Now plot so that x =
the epiweek column. Remember to add y =
the counts column to the aesthetic mapping, and add stat = "identity"
as explained above.
ggplot(data = count_data_weekly)+
geom_histogram(
mapping = aes(
x = epiweek, # x-axis is epiweek (as class Date)
y = n_cases_weekly, # y-axis height in the weekly case counts
group = hospital, # we are grouping the bars and coloring by hospital
fill = hospital),
stat = "identity")+ # this is also required when plotting count data
# labels for x-axis
scale_x_date(
date_breaks = "2 months", # labels every 2 months
date_minor_breaks = "1 month", # gridlines every month
date_labels = '%b\n%Y')+ #labeled by month with year below
# Choose color palette (uses RColorBrewer package)

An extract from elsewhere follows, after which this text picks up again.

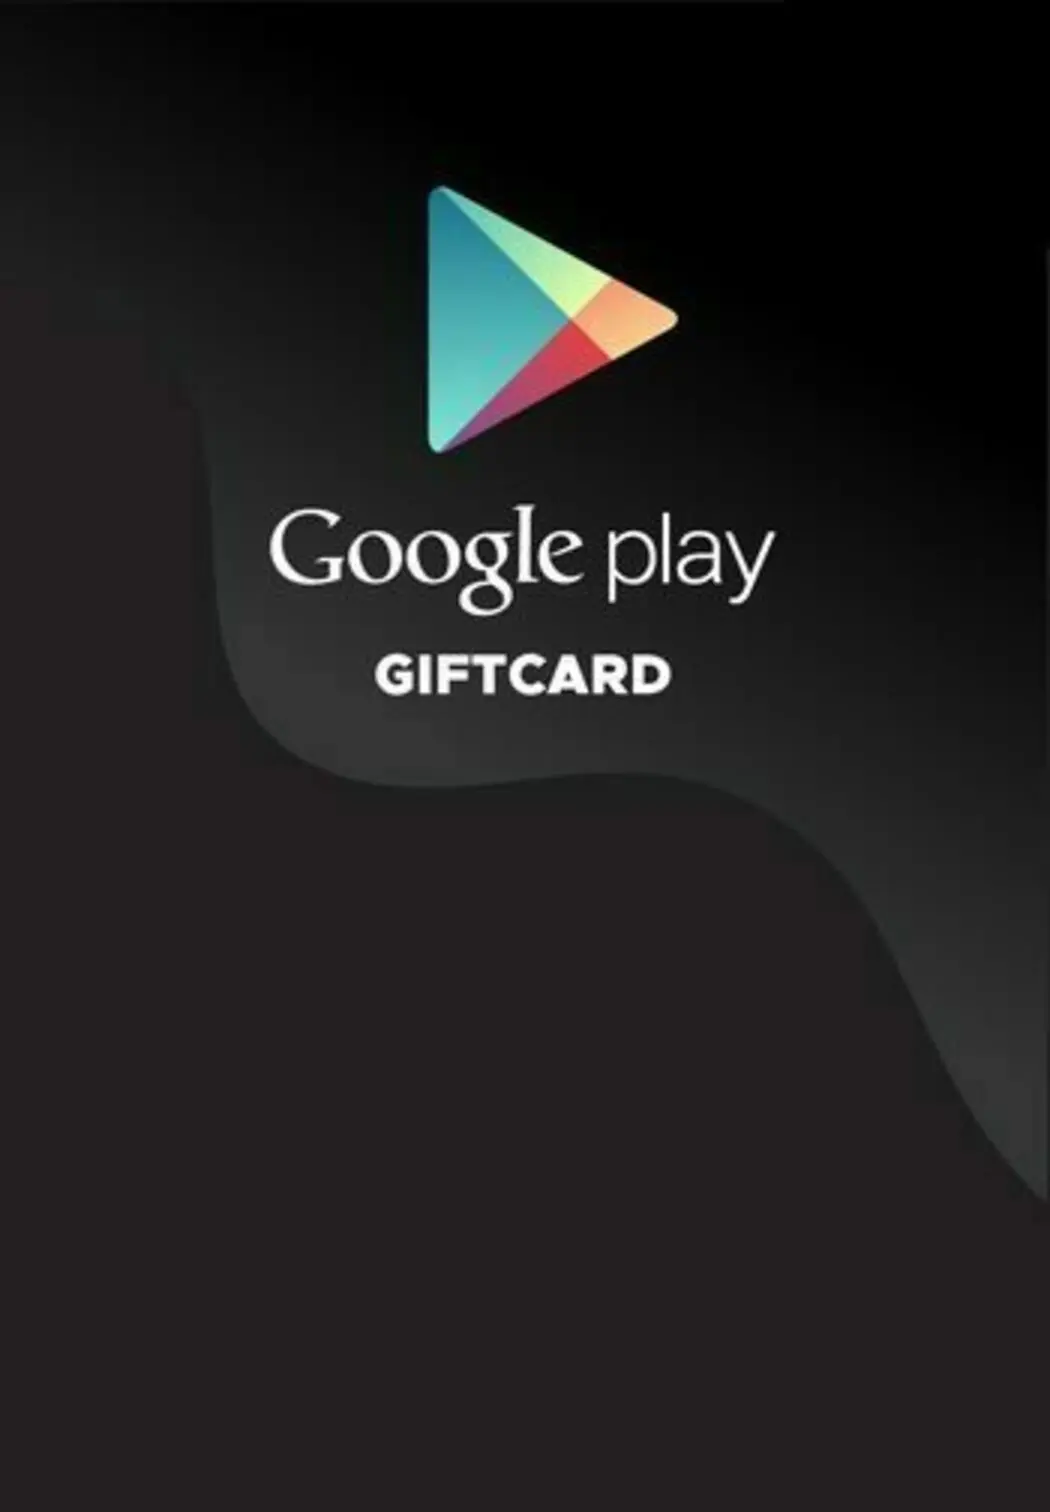 Google Play €80 EUR Gift Card (IT) - Digital Code

scale_fill_brewer(palette = "Pastel2")+
theme_minimal()+
labs(
x = "Week of onset",
y = "Weekly case incidence",
fill = "Hospital",
title = "Weekly case incidence, from aggregated count data by hospital")
Moving averages
See the page on Moving averages for a detailed description and several options. Below is one option for calculating moving averages with the package slider. In this approach, the moving average is calculated in the dataset prior to plotting:
- Aggregate the data into counts as necessary (daily, weekly, etc.) (see Grouping data page)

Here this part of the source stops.